Ah, não que eu tivesse dúvidas a respeito, mas Upi também ajudou a consolidar a segurança na minha masculinidade – afinal, convenhamos, o cara tem que ser muito macho pra sair pra passear todo dia pela rua com um poodlezinho, e de fitinhas rosas nas orelhas! (nas dela, claro, mas, mesmo assim...).
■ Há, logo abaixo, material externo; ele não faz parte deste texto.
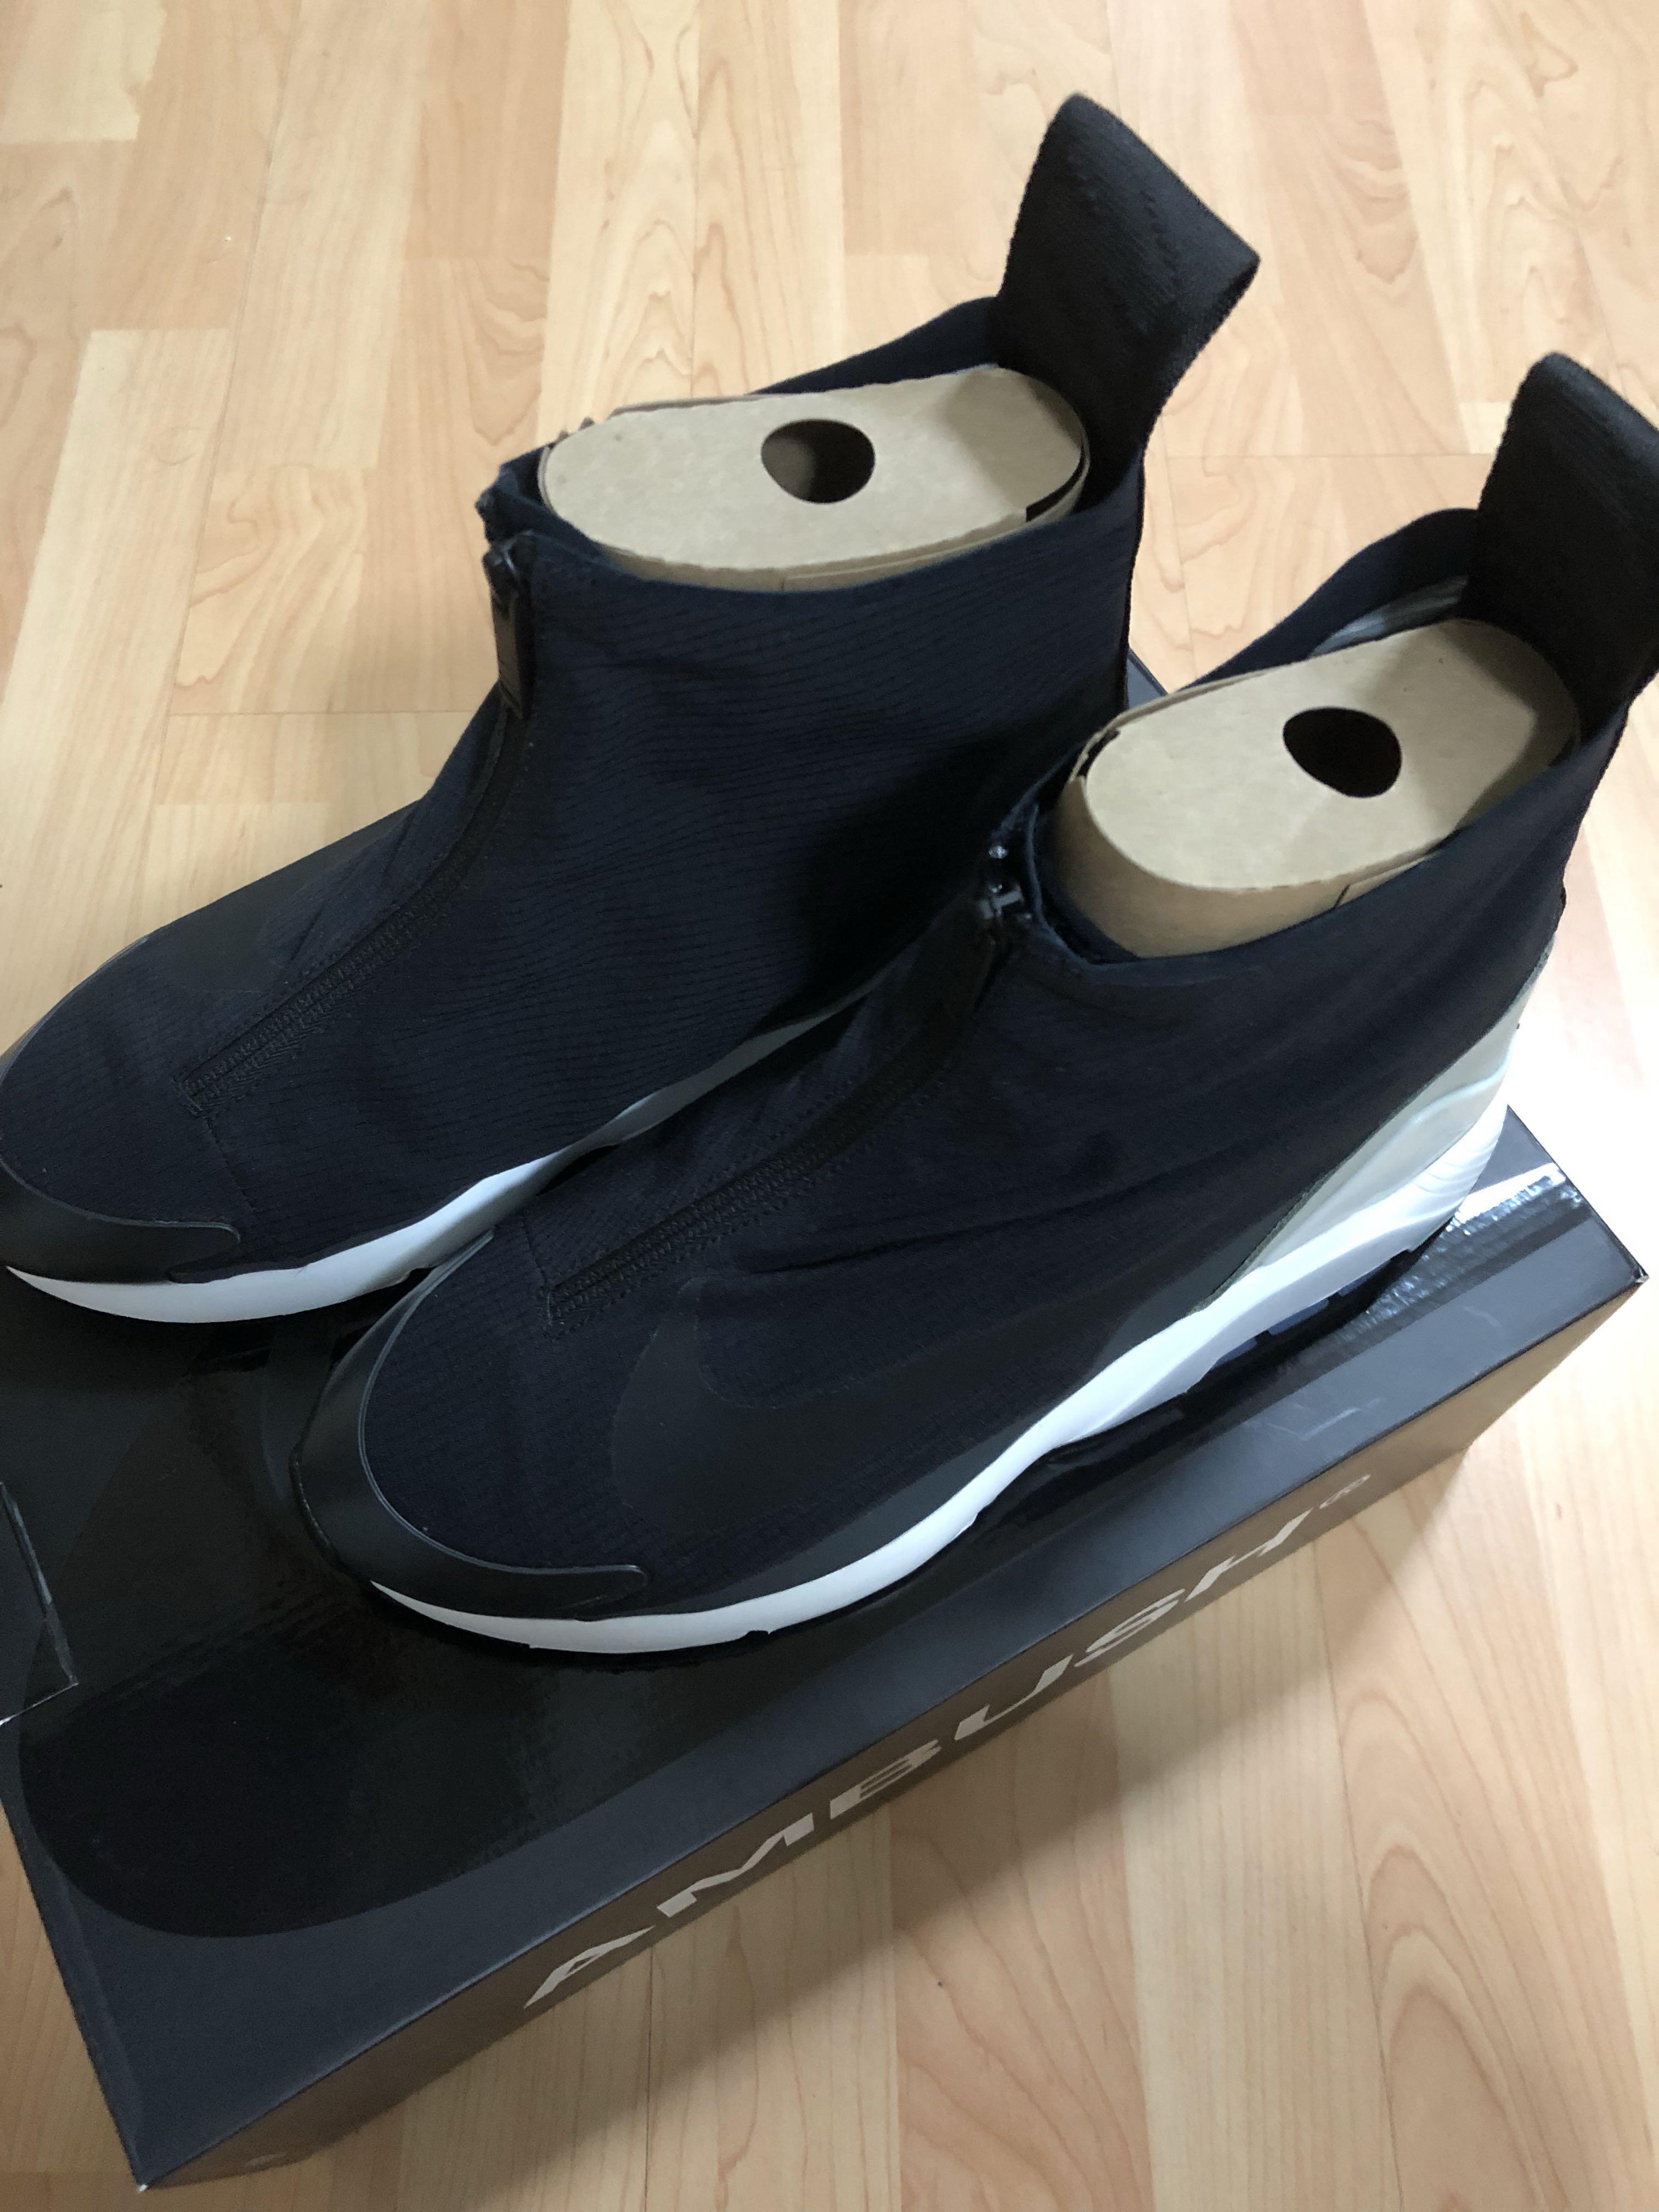 Details about Nike Air Max 180 X Ambush Black UK 9.5 BRAND NEW DEADSTOCK BNIB

Upi teve um histórico médico conturbado – e recuperações fulminantes, por vezes quase milagrosas. 
Pois vejamos:

Nos primeiros meses de idade, teve uma terrível doença de pele, que a deixou debilitada e completamente careca, um ratinho branco – ela que era de pelagem preta encaracolada – com feridas pelo corpo. Lembro que o quadro era realmente muito feio e tinha certeza que, por mais que fizéssemos de tudo para tentar o contrário – e fizemos – ela não escaparia daquela.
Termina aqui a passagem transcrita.